What am I doing wrong? Why is it fast with Import-Export wizard and slow with insert-select statement? Any ideas?
The fastest way is to pull the data rather than push it. When the tables are pushed, every row requires a connection, an insert, and a disconnect.
If you can't pull the data, because you have a one way trust relationship between the servers, the work around is to construct the entire table as a giant T-SQL statement and run it all at once.
DECLARE #xml XML
SET #xml = (
SELECT 'insert Remote_Table values (' + '''' + isnull(first_col, 'NULL') + ''',' +
-- repeat for each col
'''' + isnull(last_col, 'NULL') + '''' + ');'
FROM Local_Table
FOR XML path('')
) --This concatenates all the rows into a single xml object, the empty path keeps it from having <colname> </colname> wrapped arround each value
DECLARE #sql AS VARCHAR(max)
SET #sql = 'set nocount on;' + cast(#xml AS VARCHAR(max)) + 'set nocount off;' --Converts XML back to a long string
EXEC ('use RemoteDb;' + #sql) AT RemoteServer
It seems like it's much faster to pull data from a linked server than to push data to a linked server: Which one is more efficient: select from linked server or insert into linked server?

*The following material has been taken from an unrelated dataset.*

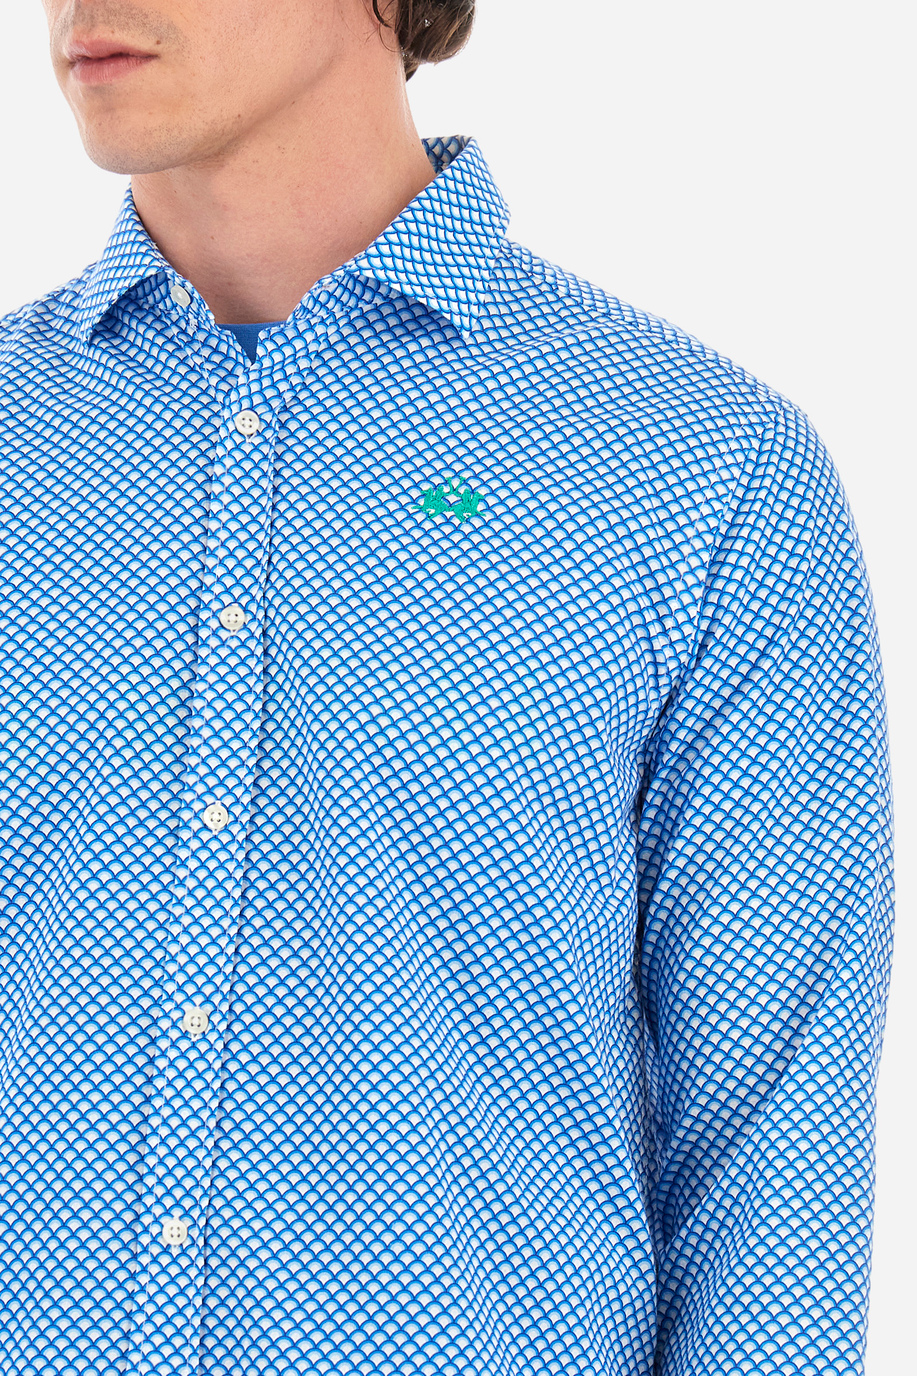 Geometric print poplin shirt - Innocent - Shirts | La Martina - Official Online Shop

Update: My own, recent experience confirms this. Pull if possible -- it will be much, much faster.
Try this on the other server:
INSERT INTO Local_Table
SELECT * FROM RemoteServer.RemoteDb.Remote_Table
The Import/Export wizard will be essentially doing this as a bulk insert, where as your code is not.
Assuming that you have a Clustered Index on the remote table, make sure that you have the same Clustered index on the local table, set Trace flag 610 globally on your remote server and make sure remote is in Simple or bulk logged recovery mode.
If you're remote table is a Heap (which will speed things up anyway), make sure your remote database is in simple or bulk logged mode change your code to read as follows:
INSERT INTO RemoteServer.RemoteDb..Remote_Table WITH(TABLOCK)
SELECT * FROM Local_Table WITH (nolock)
The reason why it's so slow to insert into the remote table from the local table is because it inserts a row, checks that it inserted, and then inserts the next row, checks that it inserted, etc.
Don't know if you figured this out or not, but here's how I solved this problem using linked servers.
First, I have a LocalDB.dbo.Table with several columns:
IDColumn (int, PK, Auto Increment)
TextColumn (varchar(30))
IntColumn (int)
And I have a RemoteDB.dbo.Table that is almost the same:
IDColumn (int)
TextColumn (varchar(30))
IntColumn (int)
The main difference is that remote IDColumn isn't set up as as an ID column, so that I can do inserts into it.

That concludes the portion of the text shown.